Onze caravan staat weer op zijn plek (http://dagelijksfeestje.blogspot.nl/2016/03/sleurhut.html). Zodra het mooi weer is en de voetbalwedstrijden zijn afgelopen, gooien we wat kleding en eten in de auto en rijden naar ons buitenverblijf. Daar aangekomen rennen de jongens direct naar het pannaveldje en duikt mijn dochter de knutselclub in. Als Bram bekijkt of het onlangs aangeschafte sloepje er nog netjes bij ligt schenk ik een glas wijn in en ik draai mijn stoel richting de zon. Heel zen.

Nadat we vorig jaar tijdens de kleinste bui al natte voeten hadden in de voortent zag ik, na een inspectierondje op de camping, dat andere campinggasten een vloertje van vlonders hebben liggen. Dit jaar ligt dat vloertje er bij ons uiteraard ook, wat nog mooi afsteekt ook bij mijn hoogglans Ikea tafel en designlamp erboven. Niks geen burgerlijk gedoe voor ons, want de strakke donkerblauwe gordijnen die mijn moeder heeft gemaakt passen bij de fruitschaal en kruidenbakjes. Op de picknicktafel buiten staan bijna altijd vers geplukte bloemen en de lampionnen aan de buitenkant van de tent maken het geheel af. Wij chillen in stijl.

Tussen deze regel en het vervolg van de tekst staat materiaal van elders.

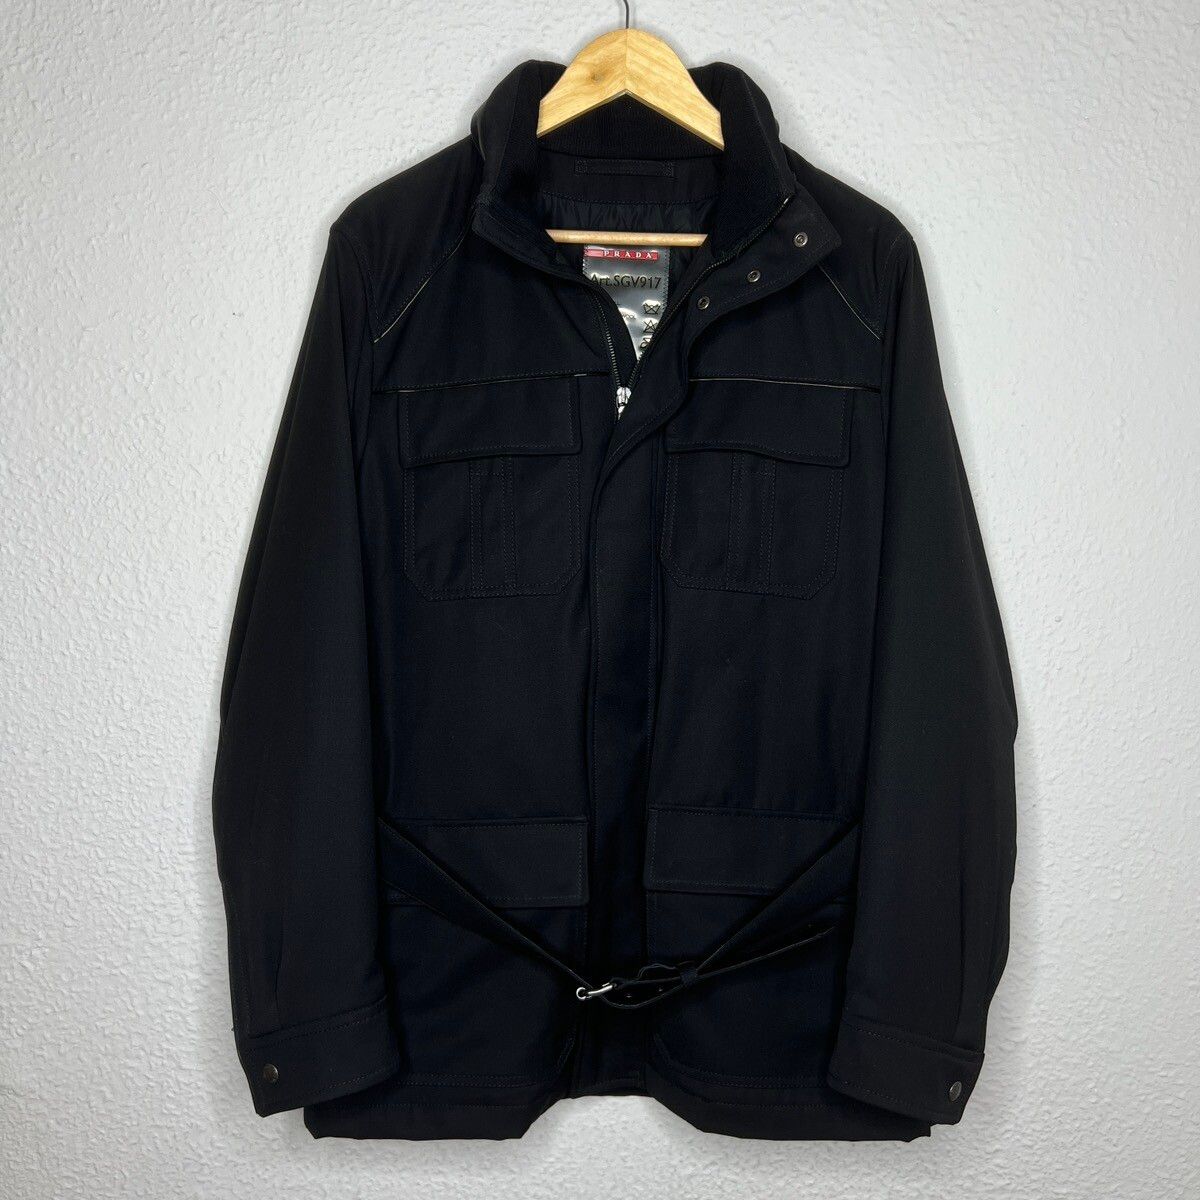 Prada Prada Milano Military Jacket Belted Coat Black Wool Designer Size US M / EU 48-50 / 2 - 1 Preview

Als ik even opkijk omdat ik mijn glas wijn op de tast niet kan vinden, valt mijn oog op het groepje caravans verderop. Ik ga rechtop zitten en zie dat zij rondom de caravan het gras perfect gemillimeterd hebben om aan te geven wat hun stukje is. Snel grijp ik mijn glas, neem een flinke slok en doe mijn ogen weer dicht. Maar ik ben helemaal niet zen meer. Ik zet mijn zonnebril op en kijk nog een keer. Dat ziet er wel heel mooi uit. En dat droogmolentje op de trekhaak van de caravan is ook veel handiger dan dat vierkante sta in de weg ding van de Action wat continue omvalt. 

Dan komt Bram terug van de boot. ‘Bram!’ roep ik uit waardoor hij bijna struikelt over een scheerlijn. ‘Kijk eens naar die caravans daar, dat gras!’ ‘Hmmm,’ mompelt hij: ‘Handige droogmolen ook. En dat windscherm voor de voortent is ook strak neergezet.’ We kijken elkaar aan en hebben aan één blik genoeg; dat wordt een ritje richting de bouwmarkt voor een grasmaaier, en een windscherm, donkerblauw uiteraard, want dat past bij de gordijnen. Die droogmolen zoek ik van de week online wel. 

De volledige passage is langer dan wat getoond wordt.